Goal of the exercise: Range to copy from the entries below: the line containing "Reebok Men's Classic" through the line containing "Coronation Ball at", inclusive. Retype only those lines, exactly, without any images.

Working data:
====================
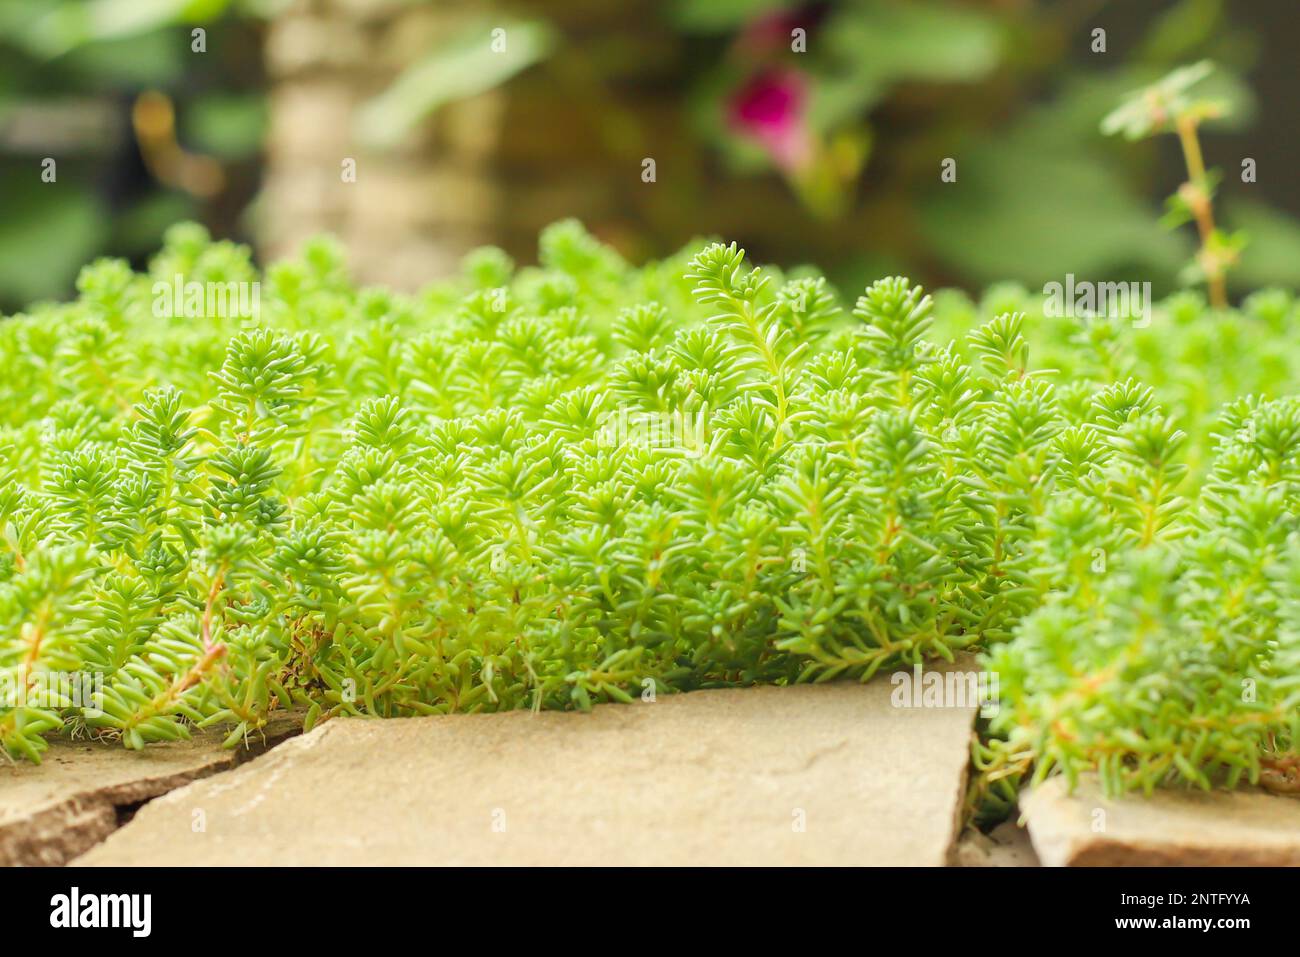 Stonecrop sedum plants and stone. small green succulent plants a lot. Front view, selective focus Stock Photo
====================
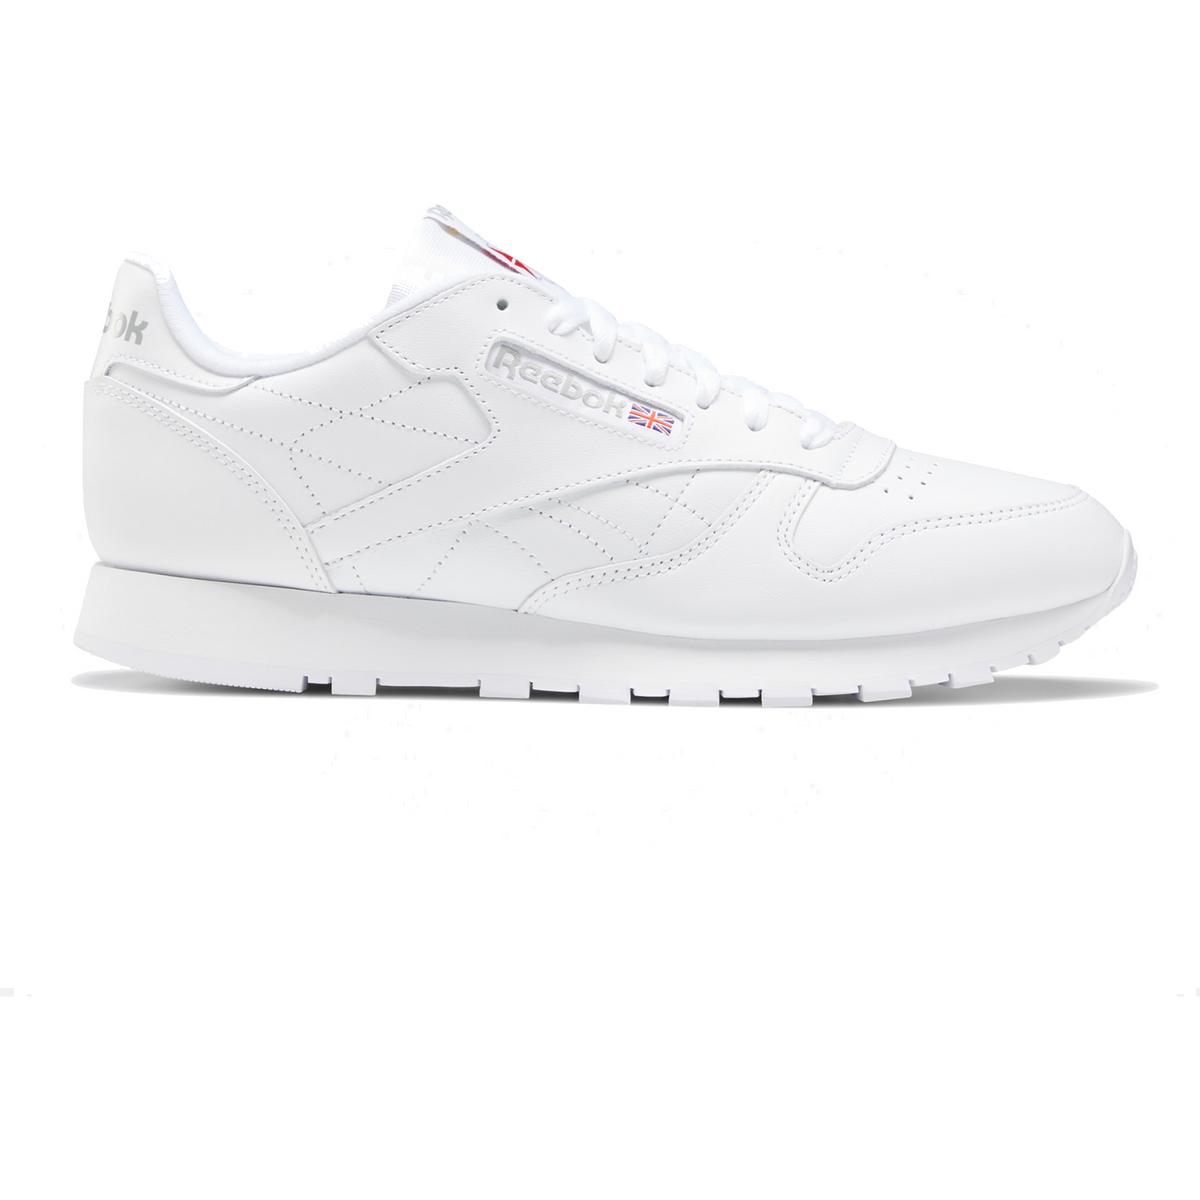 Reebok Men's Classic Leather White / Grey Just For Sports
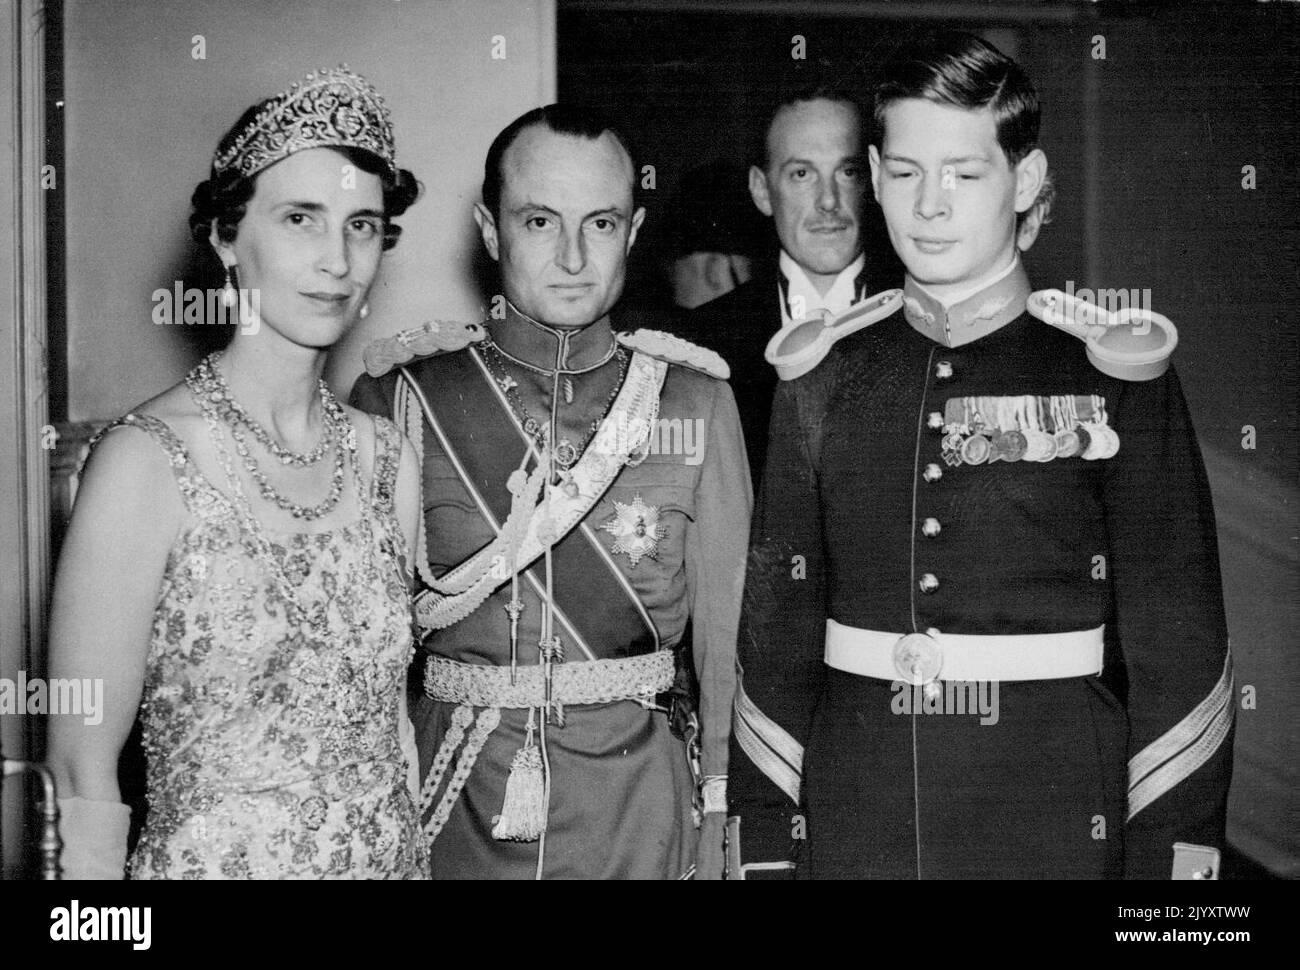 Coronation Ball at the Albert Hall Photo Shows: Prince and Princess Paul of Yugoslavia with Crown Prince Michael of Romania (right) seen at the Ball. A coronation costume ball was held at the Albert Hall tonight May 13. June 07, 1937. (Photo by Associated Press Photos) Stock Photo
====================
Solution to this exercise:
 Reebok Men's Classic Leather White / Grey Just For Sports
 Coronation Ball at the Albert Hall Photo Shows: Prince and Princess Paul of Yugoslavia with Crown Prince Michael of Romania (right) seen at the Ball. A coronation costume ball was held at the Albert Hall tonight May 13. June 07, 1937. (Photo by Associated Press Photos) Stock Photo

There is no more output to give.